The film was released on December 23, 2015, in New York and Los Angeles by a distribution label formed by Radius-TWC co-founders Tom Quinn and Jason Janego and Alamo Drafthouse Cinema founder Tim League in order to qualify for the 88th Academy Awards. It then re-opened on February 12, 2016 across 308 screens. The agency William Morris Endeavor is currently looking for an international distributor.

Moore had been busy during activities promoting the film and during election work and being in Flint, Michigan, which is suffering from lead contaminating its water.

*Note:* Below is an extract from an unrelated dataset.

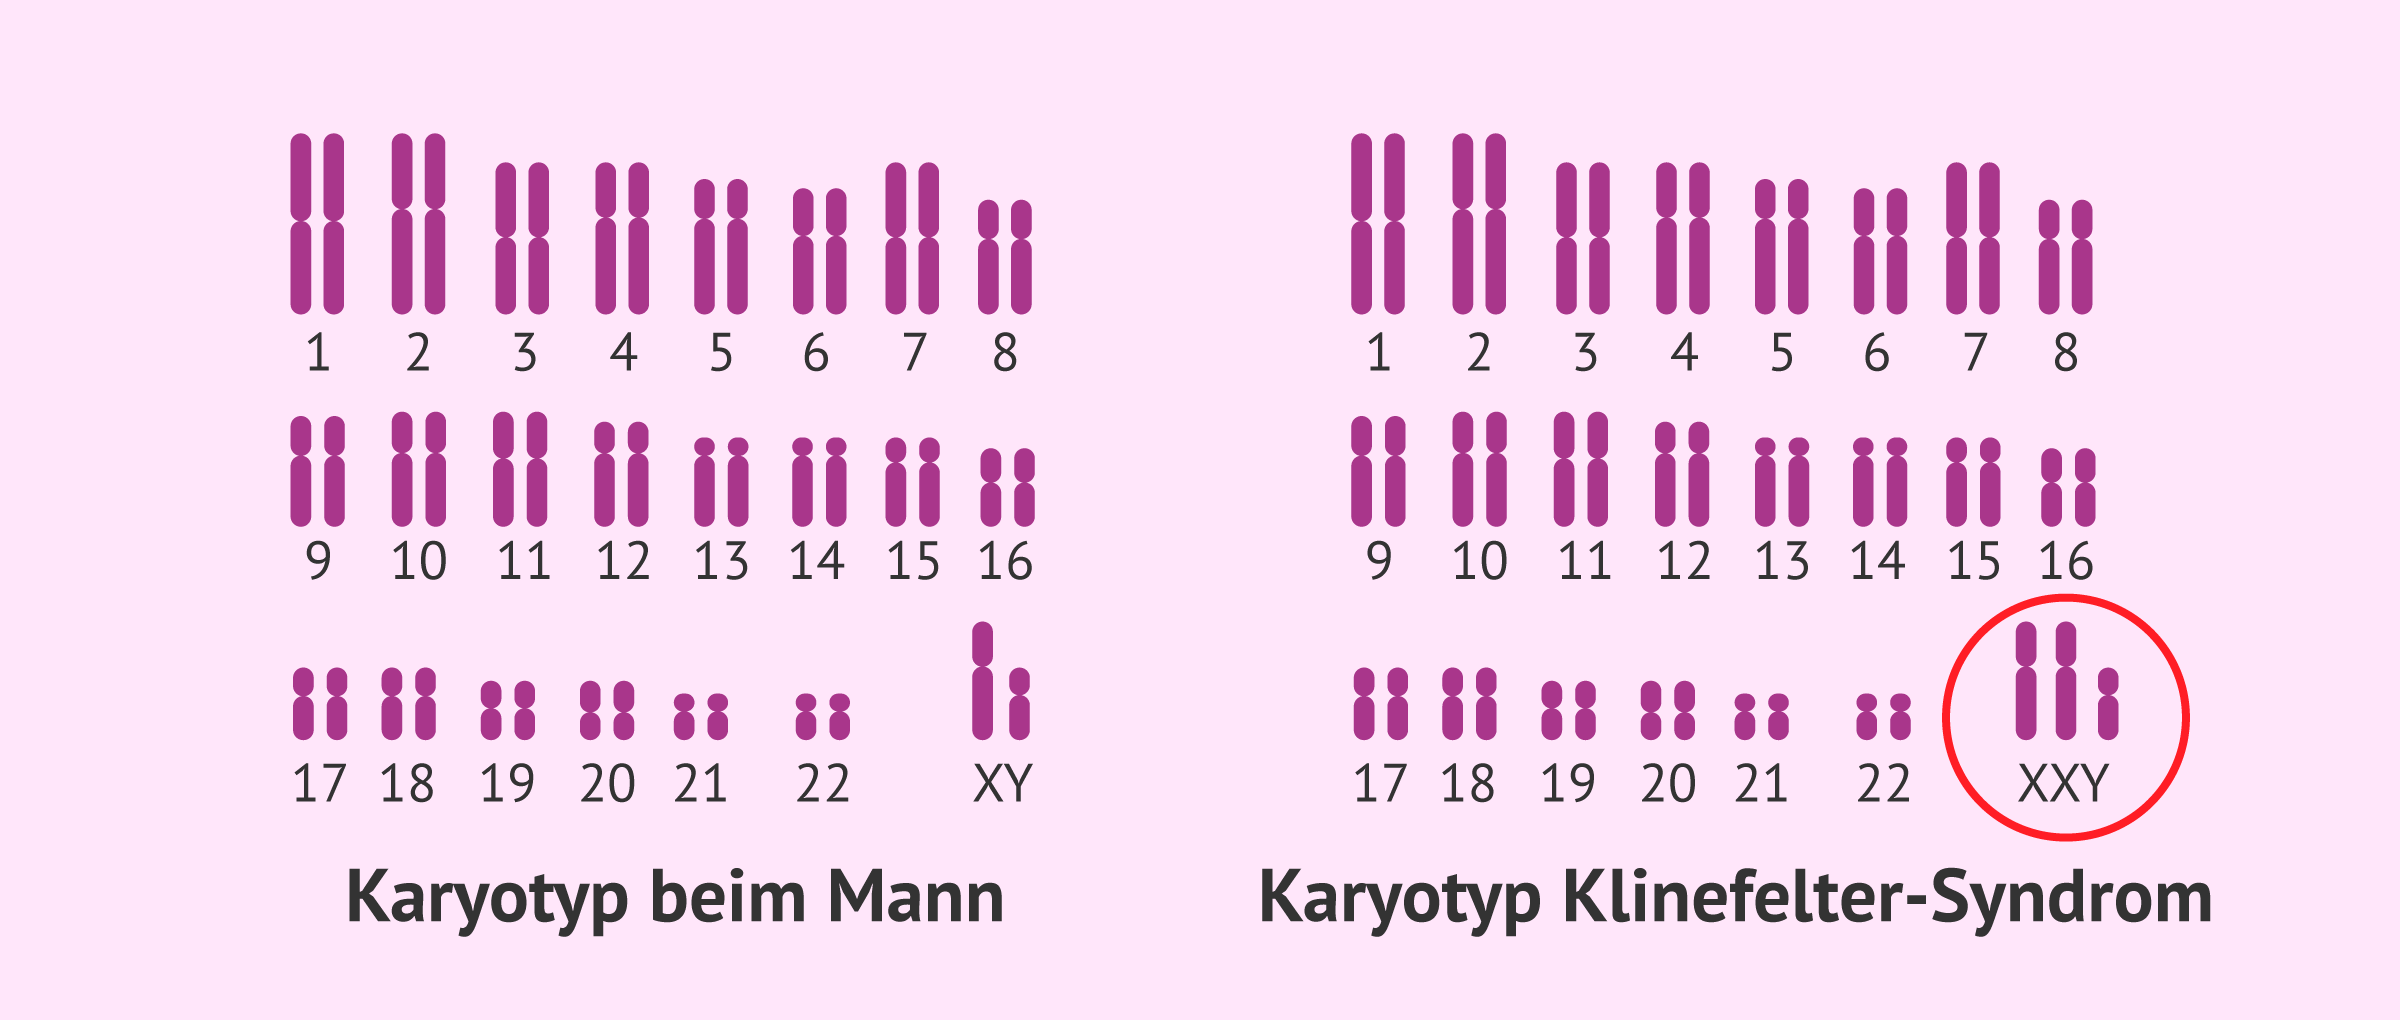 Normaler Karyotyp und Karyotyp bei Klinefelter-Syndrom

He got pneumonia, was briefly in the intensive care unit of a New York City hospital, and eventually recovered enough to prepare for release; however, his activities leading up to the film's wide release had to be cancelled so he could get adequate rest.

On April 12, 2016, Moore announced that the film would not be licensed to theaters in North Carolina out of political opposition to the state's Public Facilities Privacy & Security Act.

==Reception==
The film received positive reviews from critics, including Noel Murray, who wrote:With Where To Invade Next, though, Moore has made his best film in over a decade, and one that clarifies exactly what his strengths are. If nothing else, watching it helps explain why his clunkier movies (like 2009’s Capitalism: A Love Story) fall so flat.
Review aggregator website Rotten Tomatoes reports that 78% of 169 reviews are positive, with an average rating of 6.7/10. The site's consensus states: "Where to Invade Next finds documentarian Michael Moore approaching progressive politics with renewed—albeit unabashedly one-sided—vigor". On Metacritic, the film holds a 63/100 rating, based on 33 critics, indicating "generally favorable reviews". On December 1, 2015, the film was selected as one of 15 shortlisted for the Academy Award for Best Documentary Feature, but was not ultimately nominated.